Here is what btrfs filesystem show says:

# btrfs filesystem show
Label: none  uuid: 2c11a326-5630-484e-9f1d-9dab777a1028
Total devices 4 FS bytes used 1.08TB
devid1 size 1.82TB used 1.08TB path /dev/sdf
devid2 size 1.82TB used 1.08TB path /dev/sdg
devid3 size 465.76GB used 8.00MB path /dev/sdh
devid4 size 465.76GB used 8.00MB path /dev/sdi

Btrfs Btrfs v0.19

These are my normal mount line for the array in /etc/fstab

UUID=2c11a326-5630-484e-9f1d-9dab777a1028 /mnt/main btrfs
noatime,nodiratime,compress=lzo,space_cache,inode_cache 0 1


On Wed, Feb 29, 2012 at 4:14 PM, Chris Mason chris.ma...@oracle.com wrote:
 On Wed, Feb 29, 2012 at 03:57:19PM -0600, Travis Shivers wrote:
 Here is the output from the commands:

 # ./btrfs-debug-tree -R /dev/sdh
 failed to read /dev/sr0: No medium found
 failed to read /dev/sde: No medium found
 failed to read /dev/sdd: No medium found
 failed to read /dev/sdc: No medium found
 failed to read /dev/sdb: No medium found
 failed to read /dev/sda: No medium found
 parent transid verify failed on 5568194695168 wanted 43477 found 43151

 So far all the blocks that have come up look like they are in the extent
 allocation tree.  This helps because it is the easiest to recover.

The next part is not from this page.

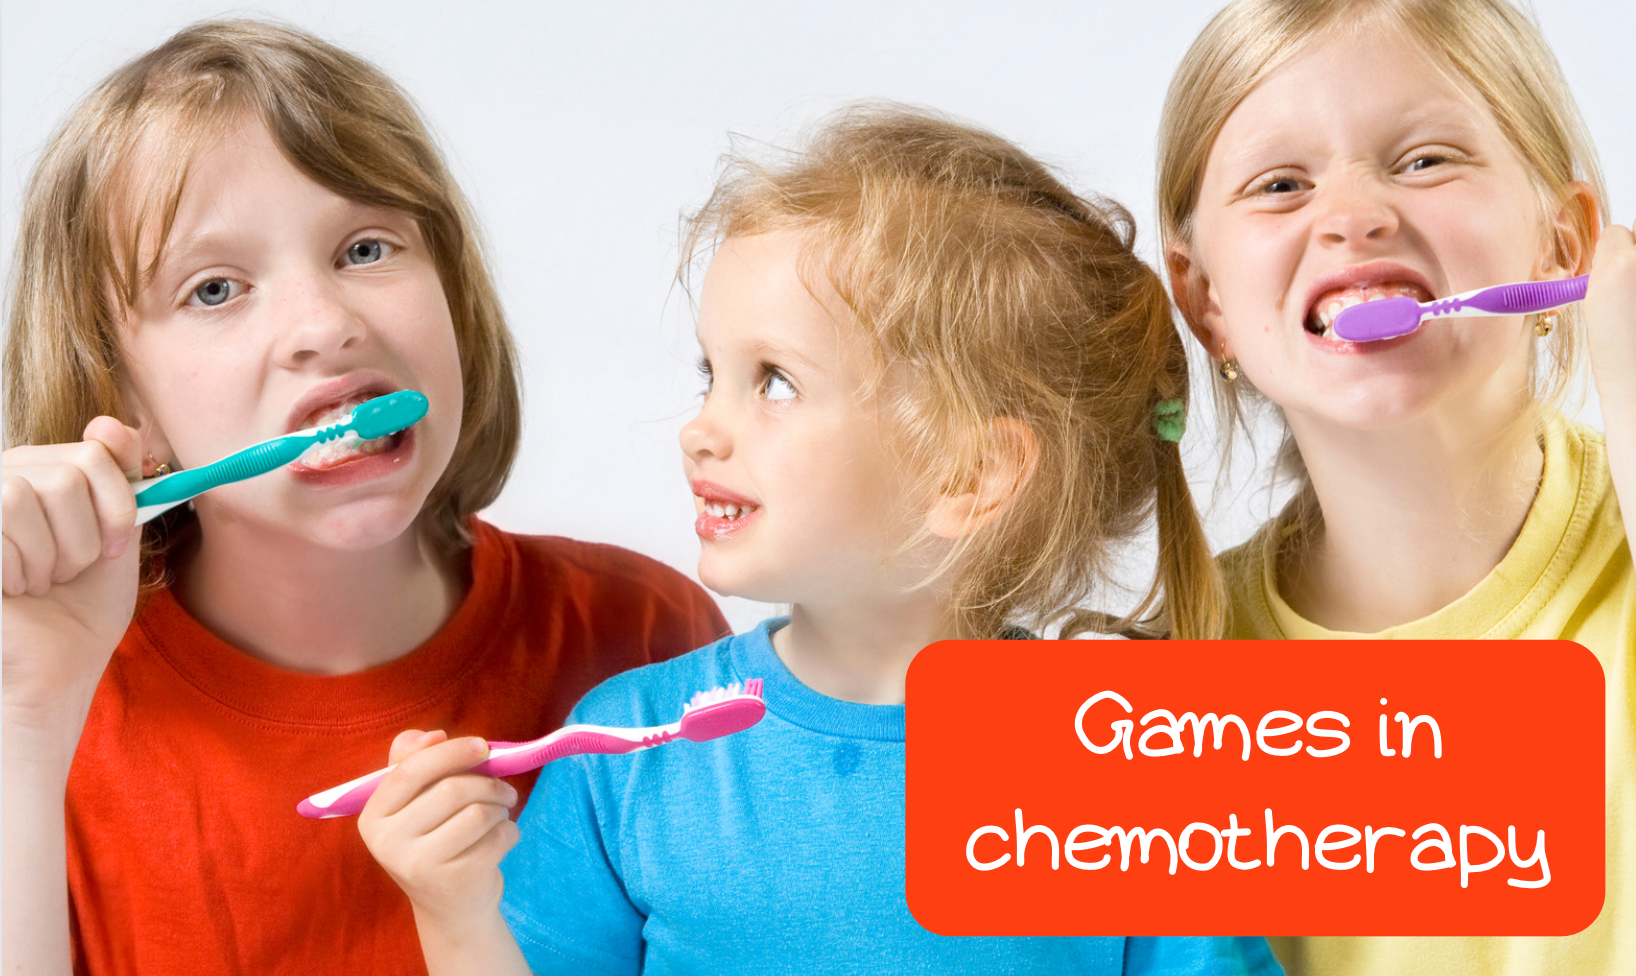 Games and video presentations to prevent oral mucositis in children on chemotherapy!

 I can also make a patch for you against 3.3-rc that skips reading it
 entirely, which should make it possible to copy things off.

 But before I do that, could you describe the raid array?  Was it
 mirrored or raid10?  What exactly happened when it stopped working?

 -chris
--
To unsubscribe from this list: send the line unsubscribe linux-btrfs in
the body of a message to majord...@vger.kernel.org
More majordomo info at  http://vger.kernel.org/majordomo-info.html


Re: Btrfs Storage Array Corrupted

2012-02-29 Thread Chris Mason
On Wed, Feb 29, 2012 at 05:11:24PM -0600, Travis Shivers wrote:
 Thank you all for helping. My btrfs array consists of 4 disks: 2 (2
 TB) disks and 2(500 GB) disks. Since I have disks of different sizes,
 I have the array being mirrored so that there are two copies of a file
 on two separate disks. The data and metadata are mirrored.
 
 I originally made the array by using this command:
 
 # mkfs.btrfs -m raid1 -d raid1 /dev/sd[abcd]
 (The drives were originally those letters)
 
 
 All of the disks sit in an external 4 bay ESATA enclosure going into a
 PCI-E RAID card set up as JBOD, so I can use btrfs' software
 mirroring. This is the enclosure that I have:
 http://www.newegg.com/Product/Product.aspx?Item=N82E16816132029
 
 The corruption was unexpected. I am not entirely sure what caused it,
 but a few days before the corruption, there were several power
 outages. I do not think that the problem is with the actual hard drive
 hardware since they are fairly new (6 months old) and they pass all
 SMART tests. After a reboot, the btrfs array refused to mount and
 started giving off errors. I do weekly scrubs, balances, and
 defragmentation.

Ok, all of this should have worked.  Which kernel were you running when
you had the power outages?

I'm testing out the patch to skip the extent allocation tree at mount.
That will be the easiest way to get to the data (readonly, but it'll
work).

-chris
--
To unsubscribe from this list: send the line unsubscribe linux-btrfs in
the body of a message to majord...@vger.kernel.org
More majordomo info at  http://vger.kernel.org/majordomo-info.html


Re: Btrfs Storage Array Corrupted

2012-02-29 Thread Travis Shivers
I was running a fairly old version of the kernel:
Linux server 3.0.0-16-generic #28-Ubuntu SMP Fri Jan 27 17:44:39 UTC
2012 x86_64 x86_64 x86_64 GNU/Linux

On Wed, Feb 29, 2012 at 5:44 PM, Chris Mason chris.ma...@oracle.com wrote:
 On Wed, Feb 29, 2012 at 05:11:24PM -0600, Travis Shivers wrote:
 Thank you all for helping. My btrfs array consists of 4 disks: 2 (2
 TB) disks and 2(500 GB) disks. Since I have disks of different sizes,
 I have the array being mirrored so that there are two copies of a file
 on two separate disks. The data and metadata are mirrored.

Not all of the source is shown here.